We can generalize that with the ApplicativeError
type class. ApplicativeError
augments Applicative
with error handling capabilities. It provides functions to create those wrappers for the success and error values in a general way. The correspondence with Either
and Validated
is:
ApplicativeError | Either | Validated |
---|---|---|
pure | right | valid |
raiseError | left | invalid |
Then, we can write the validation functions in an abstract manner, without knowing which type they will be evaluated to, and knowing the error type will be NonEmptyArray<ValidationError>
:
class GeneralValidationRules<F: ApplicativeError> where F.E == NEA<ValidationError> {
static func validate(email: String) -> Kind<F, String> {
guard email.contains("@") else {
return .raiseError(.of(.invalidEmail(email)))
}
return .pure(email)
}
// Implementation of the rest of validation functions
}
extension GeneralValidationRules {
static func validate(firstName: String,
lastName: String,
birthday: Date,
documentId: String,
phoneNumber: String,
email: String) -> Kind<F, Form> {
return Kind<F, Form>.map(
validate(firstName: firstName),
validate(lastName: lastName),
validate(birthday: birthday, referenceDate: Date()),
validate(documentId: documentId),
validate(phoneNumber: phoneNumber),
validate(email: email),
Form.init)
}
}
With this implementation, we just need to pass the type we want to interpret to as a type argument.
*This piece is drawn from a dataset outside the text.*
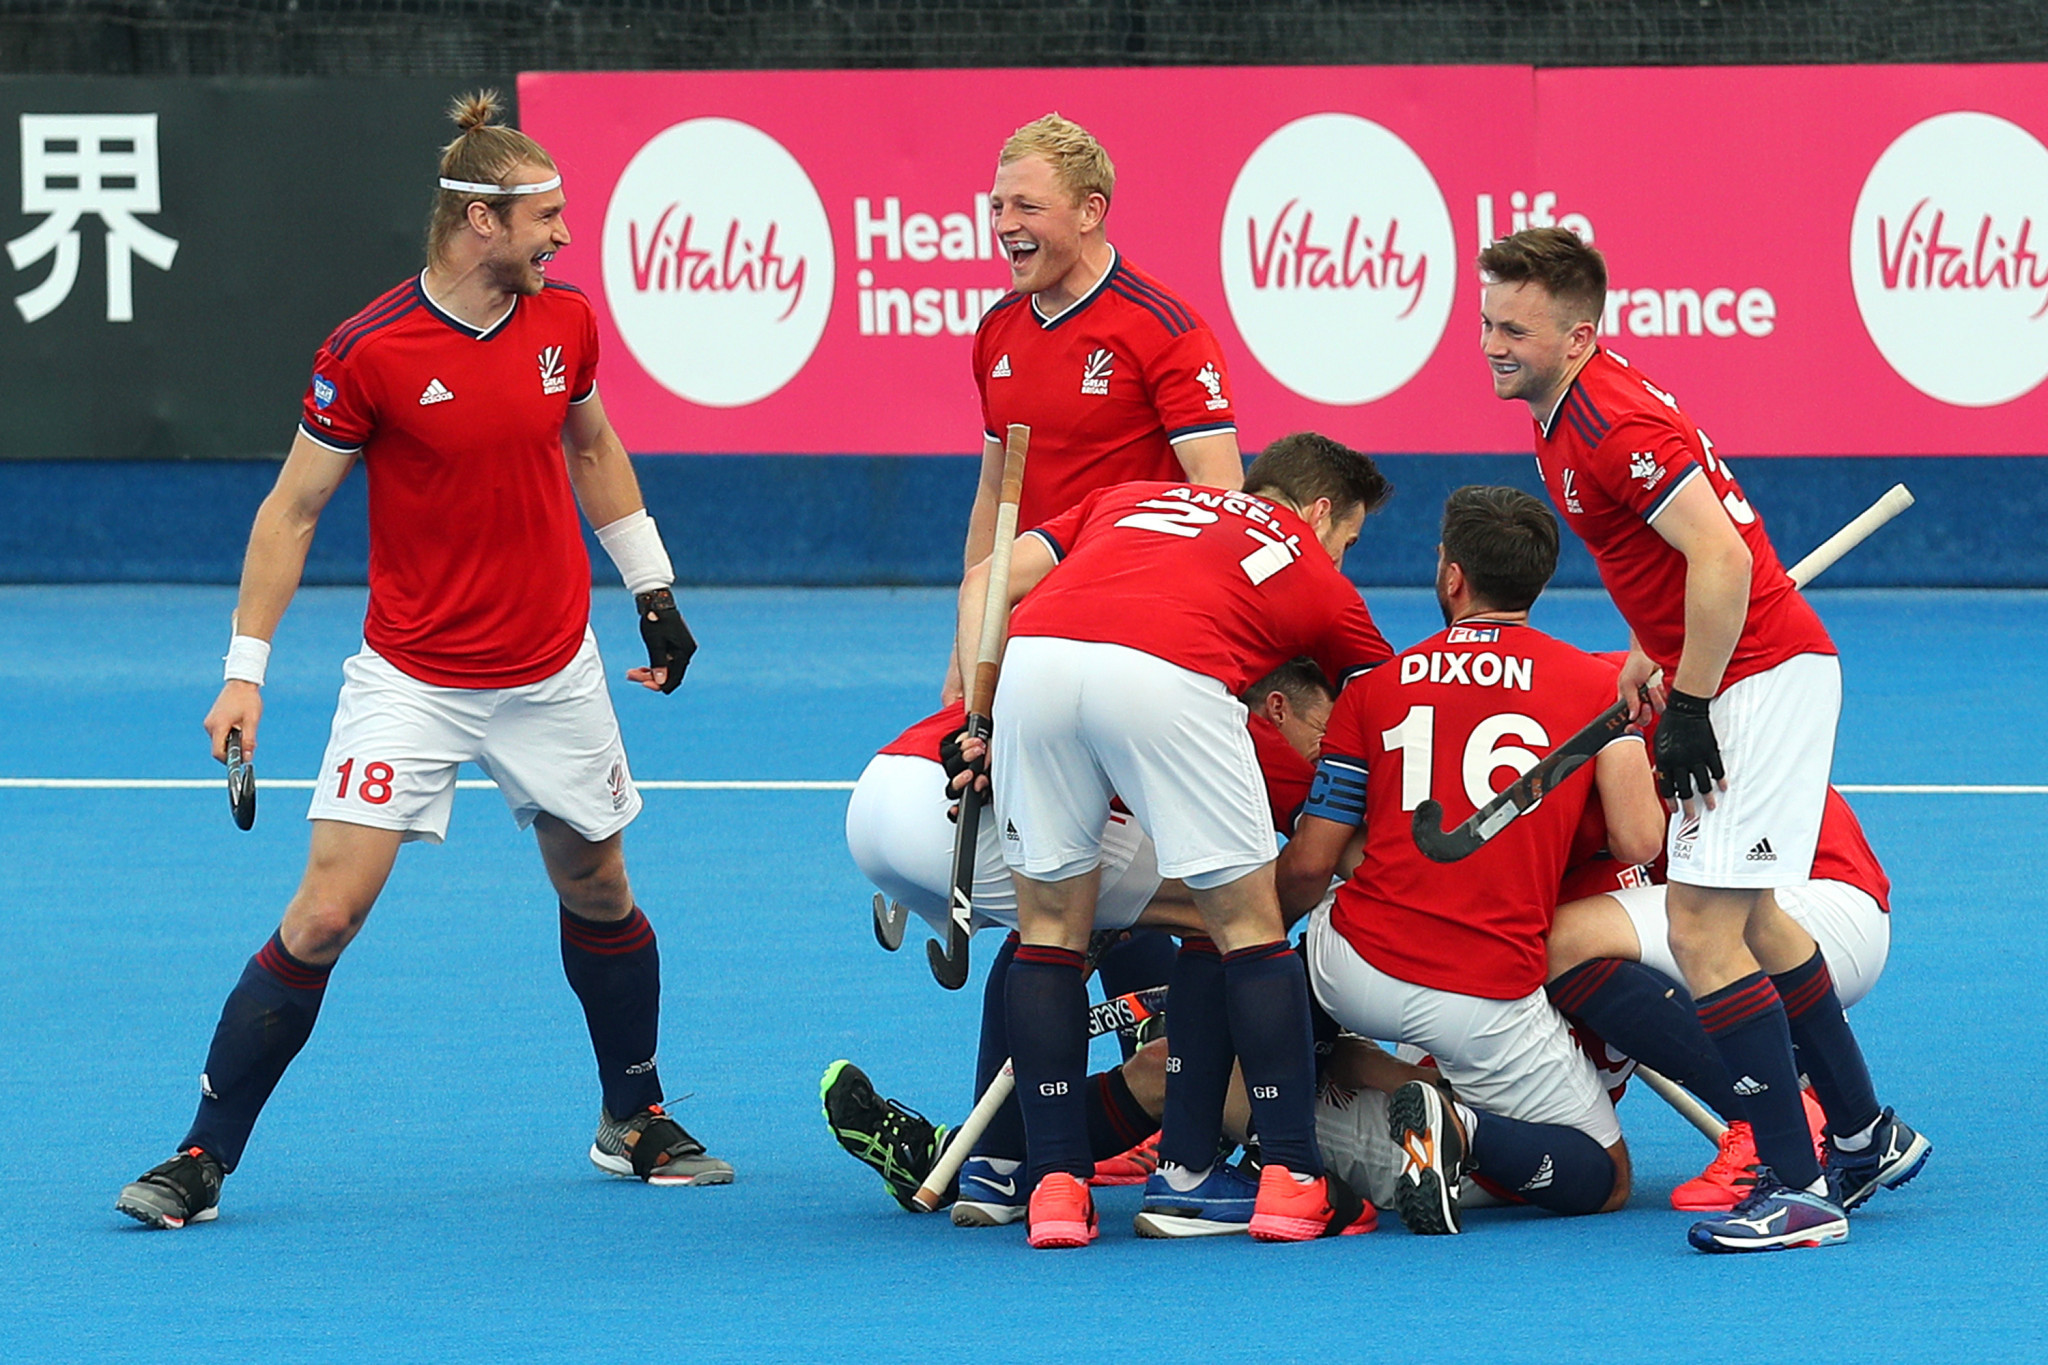 Bottom-of-the-table Britain stun Germany in men's Hockey Pro League

Using Either
we get fail-fast behavior:
let failfast = GeneralValidationRules<EitherPartial<NEA<ValidationError>>>
.validate(firstName: " ",
lastName: " ",
birthday: Date(),
documentId: "---",
phoneNumber: "?",
email: "no_email")^
And with Validated
, we get error accumulation:
let accumulation = GeneralValidationRules<ValidatedPartial<NEA<ValidationError>>>
.validate(firstName: " ",
lastName: " ",
birthday: Date(),
documentId: "---",
phoneNumber: "?",
email: "no_email")^
Using this approach, we have a single implementation of the validation rules, but multiple strategies to evaluate them.